Milestone update from PR #4898:

• Added a logs extraction commit: test/cli/logs.test.ts now owns the logs/audit/follow-mode tests, bridge-status helper coverage, plain-log passthrough, and SIGINT exit semantics.
• test/cli.test.ts is down to about 5.1k lines after the logs split.
• Focused verification for this split passed: npx vitest run --project cli test/cli.test.ts test/cli/logs.test.ts, plus npm run typecheck:cli; pre-commit and pre-push hooks also passed.

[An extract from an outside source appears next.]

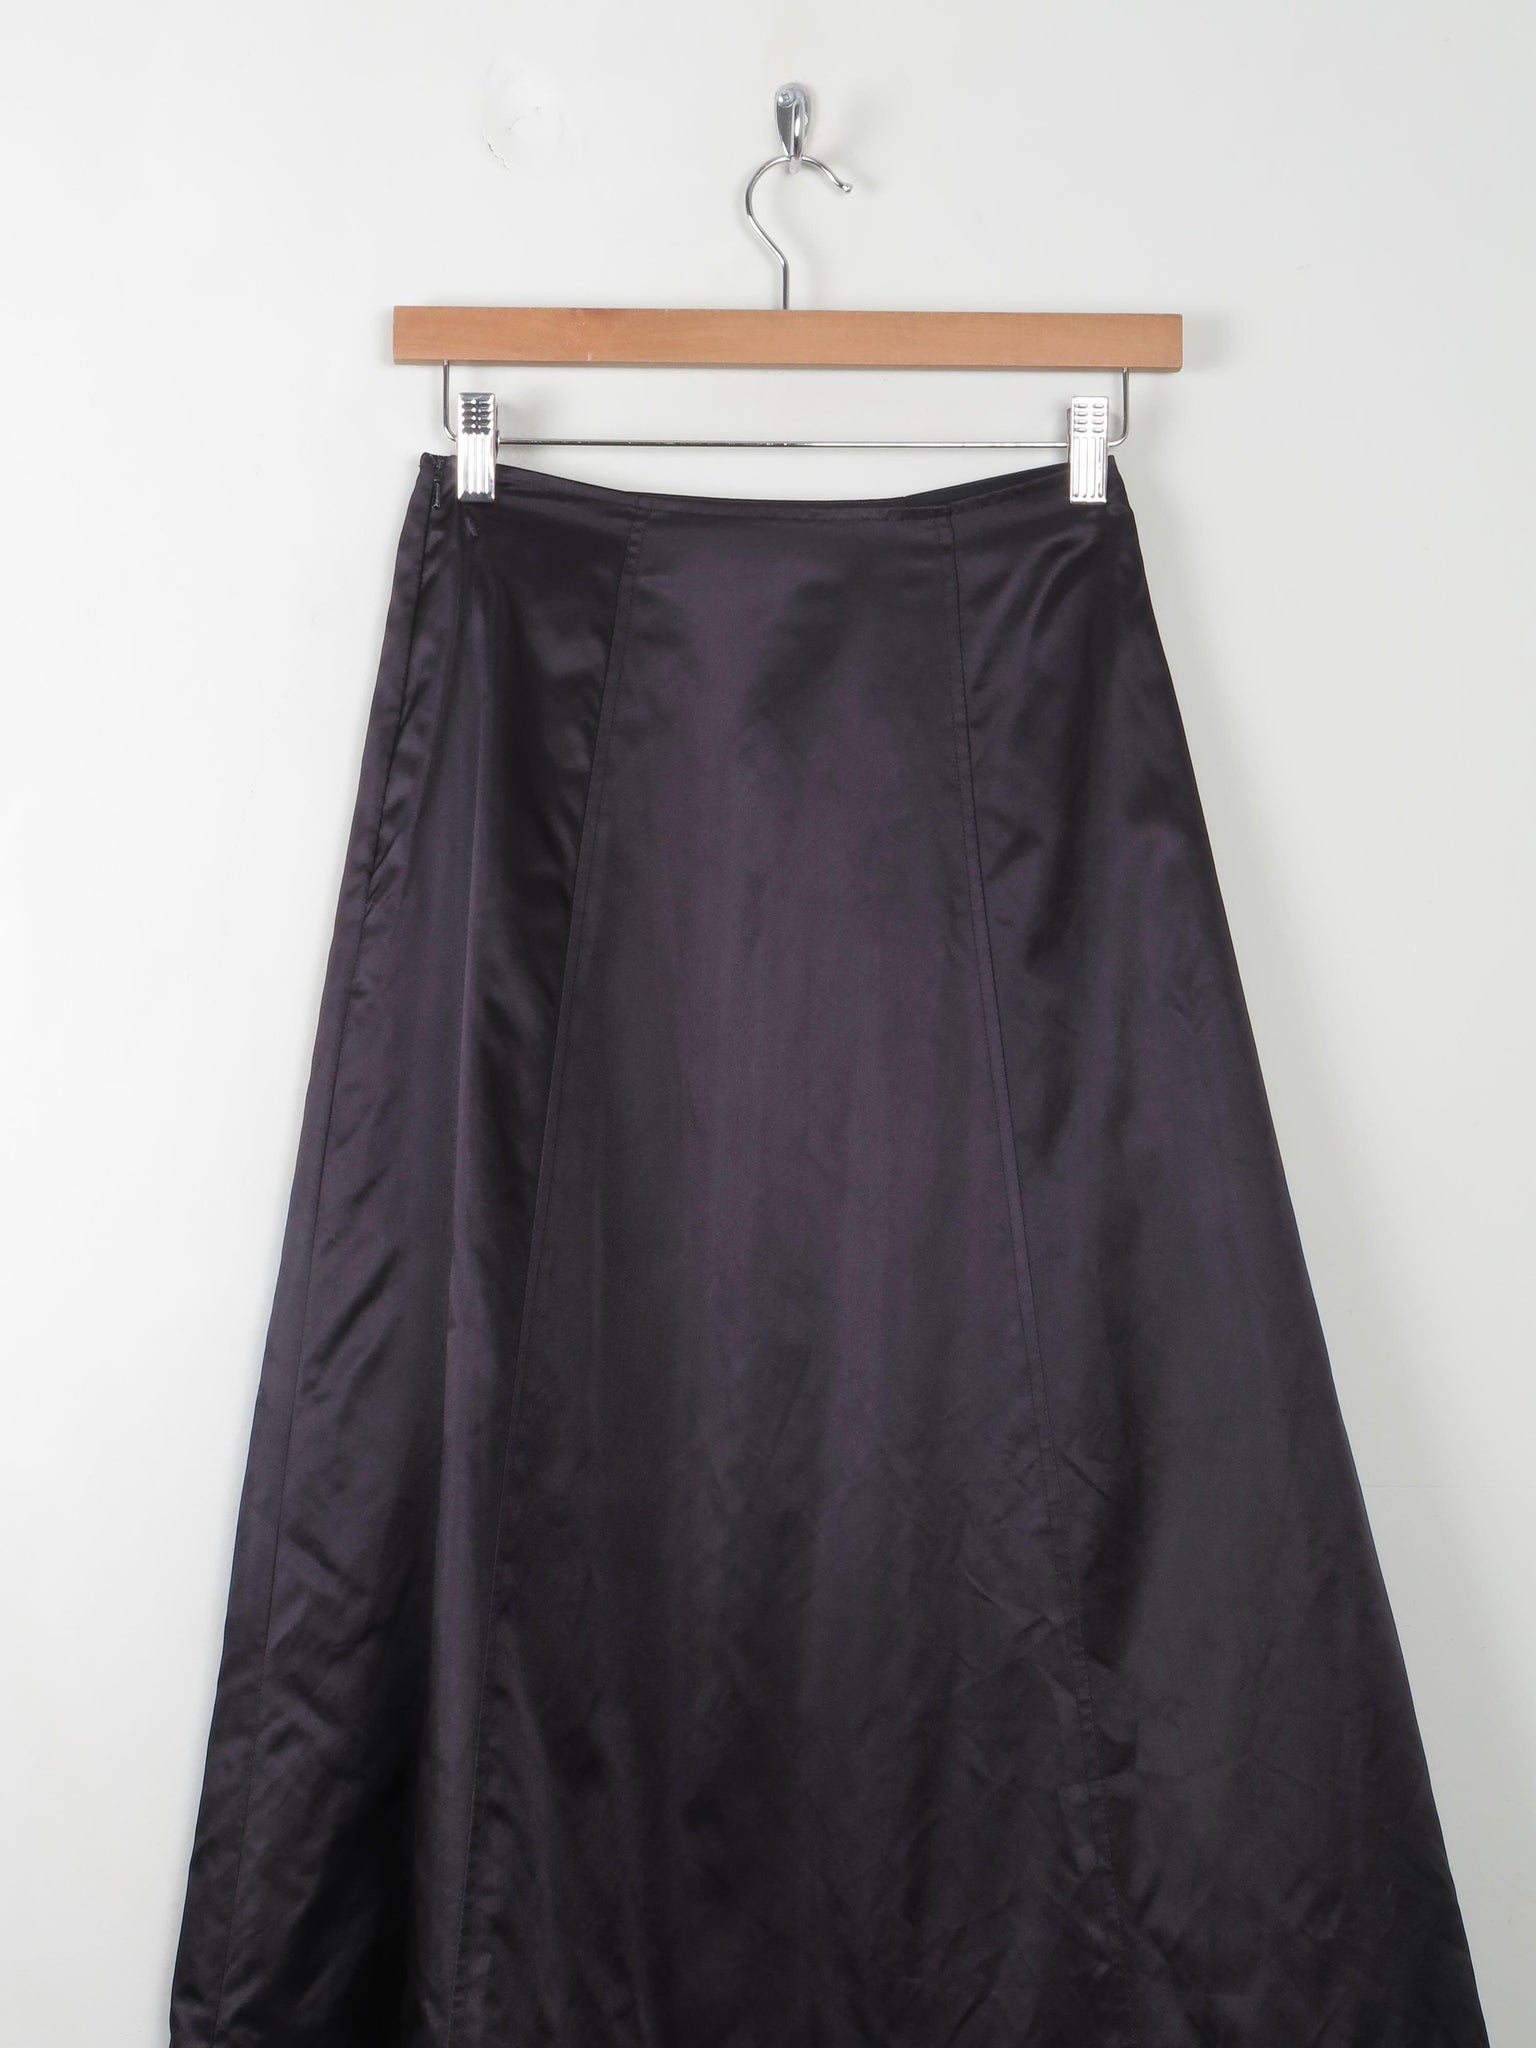 Vintage Black Satin Full Skirt 25"W - The Harlequin

Next planned bucket from the timing table: status/health or tunnel/credentials/maintenance/skills, depending on which current boundaries are cleanest after the prior extractions.

[cv]

Milestone update from PR #4898:

• Added a tunnel/credentials/maintenance/skills extraction commit: test/cli/tunnel-credentials-maintenance-skills.test.ts now owns the tunnel help/status coverage, credential command validation, maintenance command migration checks, and skill install/plugin-marker parsing tests.
• test/cli.test.ts is down to 4,879 lines after this split.
• Focused verification for this split passed: npx vitest run --project cli test/cli.test.ts test/cli/tunnel-credentials-maintenance-skills.test.ts, plus npm run typecheck:cli; commit and push hooks also passed.

Next planned bucket from the timing table: status-health, which is the largest remaining neighborhood still in test/cli.test.ts.